Currently, they’re weighing up two options: the SoftBank equity deal and a debt package being put together by JPMorgan Chase & Co. Many board members will also be equity holders — representing investors such as VCs — so anything that cuts their stake or valuation wouldn’t be welcome. Debt, on the other hand, transfers risk to bondholders.
Given WeWork’s current financial situation, though, debt investors have been growing increasingly skeptical of the company. Its 2025 U.S. dollar bonds plunged over the past month, with the JPMorgan-led financing package reported to include debt with yields as wide as 15%. Taking the SoftBank package would likely indicate that JPMorgan couldn’t put together an attractive enough deal for its consortium of about 100 investors to stomach.
It could be a pyrrhic victory for Son, though. I recently argued that his reputation is more important than his stake in WeWork. The Vision Fund should be able to write down that investment to zero and still churn out attractive returns. But there are signs that the halo surrounding Son and SoftBank is starting to fade.
Japan’s Finance Ministry plans to close a tax-avoidance loophole that SoftBank used to its advantage, Nikkei reported Sunday. The company paid no tax in Japan last year thanks to a series of complex paper transactions that booked losses by shifting assets within the group, according to the newspaper. In other words, a good portion of SoftBank’s returns last year came not from savvy investing but merely from exploiting tax laws.

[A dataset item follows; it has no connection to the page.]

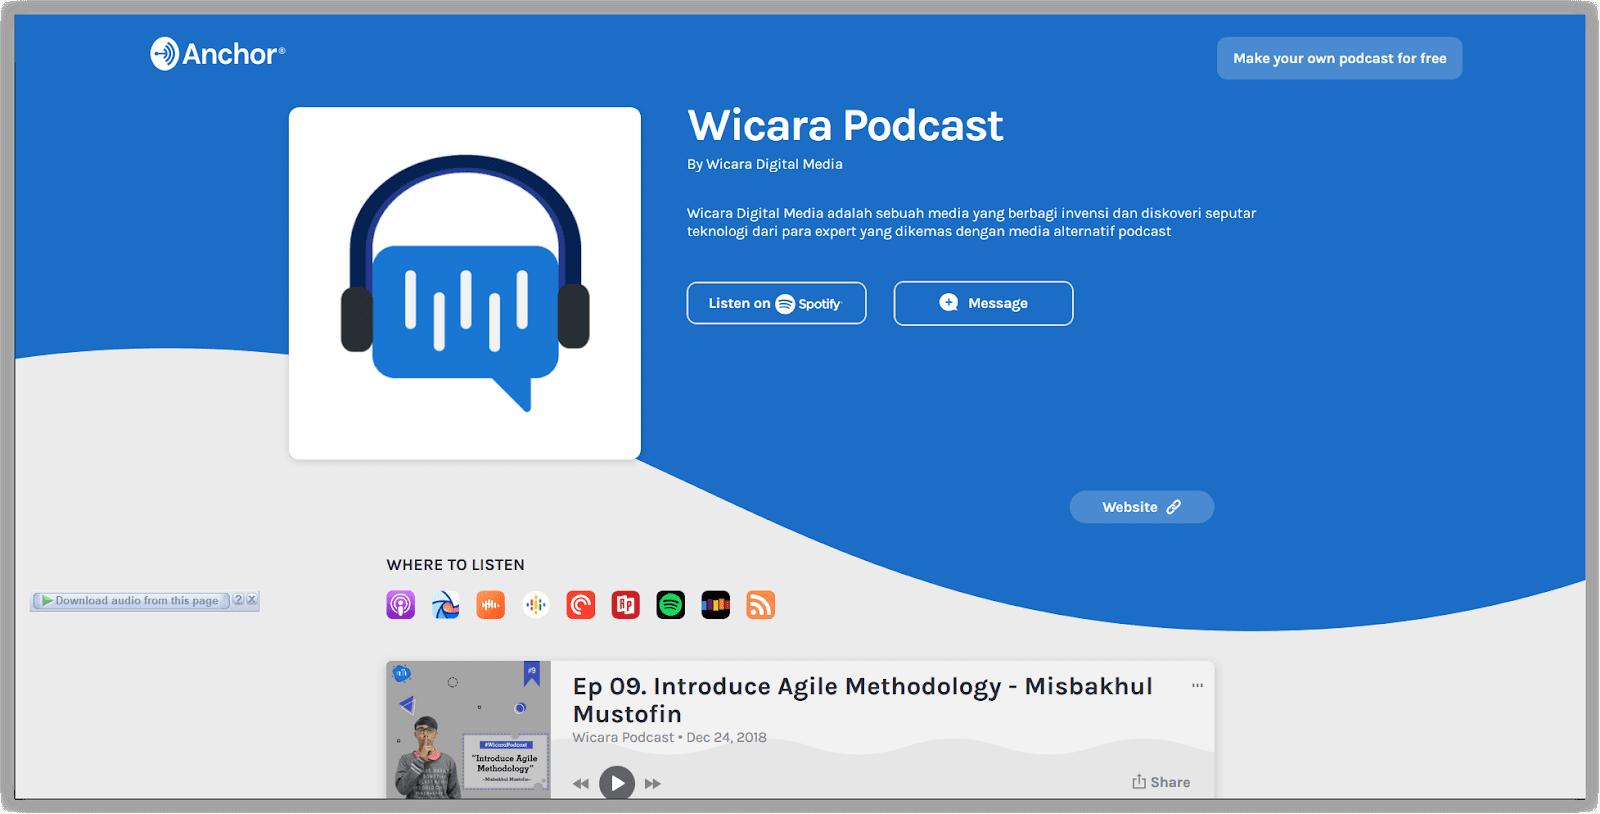 Contoh channel podcast yang menjadi sarana mendapatkan penghasilan online.

That sort of thing feeds into an increasing distrust by regulators and the general public for tech companies and their billionaire bosses who dodge taxes, no matter how legally. SoftBank and Son need trust to raise a second $107 billion Vision Fund, get regulatory approval for the merger of its U.S. telco Sprint Corp., and have continued access to the best deals in the startup world. Forcing a haircut of this scale on WeWork at its weakest moment, and at the expense of other stakeholders, won’t help build that kind of confidence.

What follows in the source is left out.